A metallic sphere cools from 60°C to 52°C in 10 minutes. If the surrounding temperature is 16° C, then the temperature of sphere after the next 10 minutes is close to :

To solve the problem of determining the temperature of a metallic sphere after it cools for an additional 10 minutes, we can use Newton's Law of Cooling. Here’s a step-by-step breakdown of the solution: ### Step 1: Understand the Initial Conditions - Initial temperature of the sphere, \( T_1 = 60^\circ C \) - Temperature after 10 minutes, \( T_2 = 52^\circ C \) - Surrounding temperature, \( T_0 = 16^\circ C \) - Time interval for the first cooling, \( t_1 = 10 \) minutes ### Step 2: Apply Newton's Law of Cooling According to Newton's Law of Cooling, the rate of change of temperature of an object is proportional to the difference between its temperature and the surrounding temperature.
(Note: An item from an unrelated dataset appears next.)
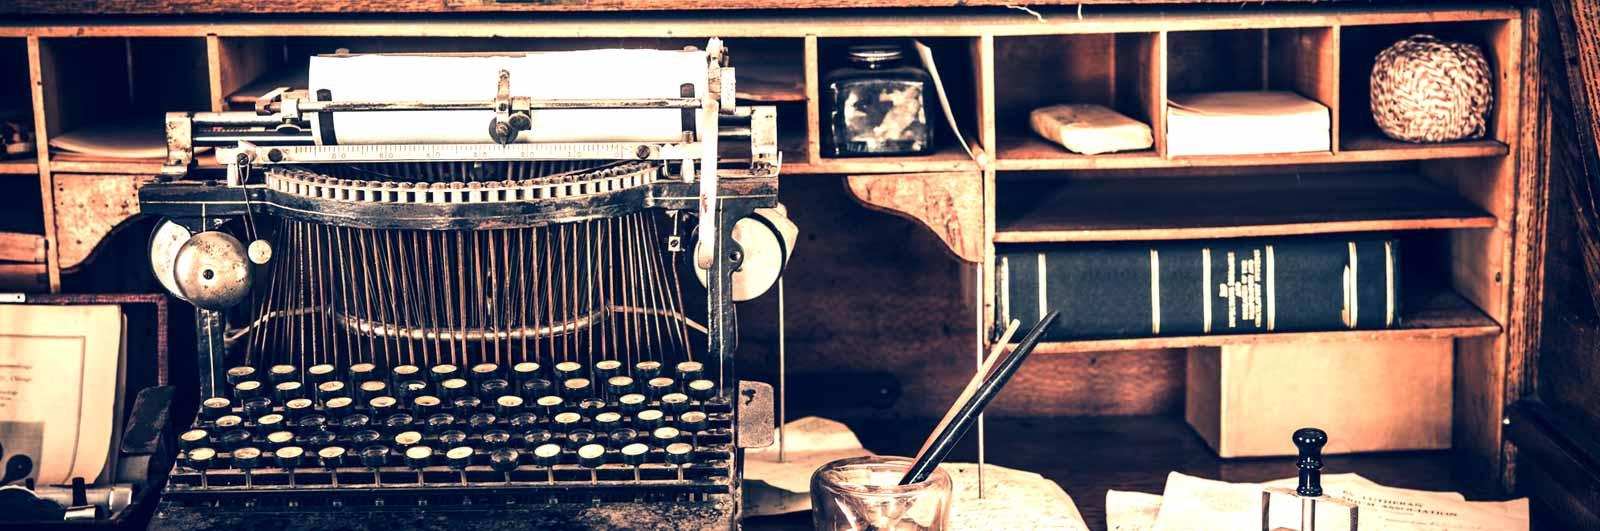 Authorpreneurship

The formula can be expressed as: \[ \frac{T_1 - T_2}{t_1} = k \left( \frac{T_1 + T_2}{2} - T_0 \right) \] ### Step 3: Substitute Known Values Substituting the known values into the formula: \[ \frac{60 - 52}{10} = k \left( \frac{60 + 52}{2} - 16 \right) \] Calculating the left side: \[ \frac{8}{10} = 0.8 \] Calculating the right side: \[ \frac{60 + 52}{2} = \frac{112}{2} = 56 \] Thus, we have: \[ 0.8 = k (56 - 16) \] This simplifies to: \[ 0.8 = k \cdot 40 \] ### Step 4: Solve for \( k \) Now, we can solve for \( k \): \[ k = \frac{0.8}{40} = \frac{1}{50} \] ### Step 5: Calculate the Temperature After the Next 10 Minutes Now we need to find the temperature of the sphere after another 10 minutes. We will denote this temperature as \( T \). Again applying Newton's Law of Cooling for the next interval: \[ \frac{T_2 - T}{t_2} = k \left( \frac{T_2 + T}{2} - T_0 \right) \] Where \( t_2 = 10 \) minutes. Substituting the known values: \[ \frac{52 - T}{10} = \frac{1}{50} \left( \frac{52 + T}{2} - 16 \right) \] ### Step 6: Simplify and Solve for \( T \) Multiply both sides by 50 to eliminate the fraction: \[ 5(52 - T) = \frac{52 + T}{2} - 16 \] Expanding and simplifying: \[ 260 - 5T = \frac{52 + T}{2} - 16 \] Multiply through by 2 to eliminate the fraction: \[ 520 - 10T = 52 + T - 32 \] Combine like terms: \[ 520 - 10T = 20 + T \] Rearranging gives: \[ 520 - 20 = 11T \] Thus: \[ 500 = 11T \] ### Step 7: Calculate \( T \) Finally, solving for \( T \): \[ T = \frac{500}{11} \approx 45.45^\circ C \] ### Conclusion The temperature of the sphere after the next 10 minutes is approximately \( 45.45^\circ C \), which can be rounded to \( 45^\circ C \).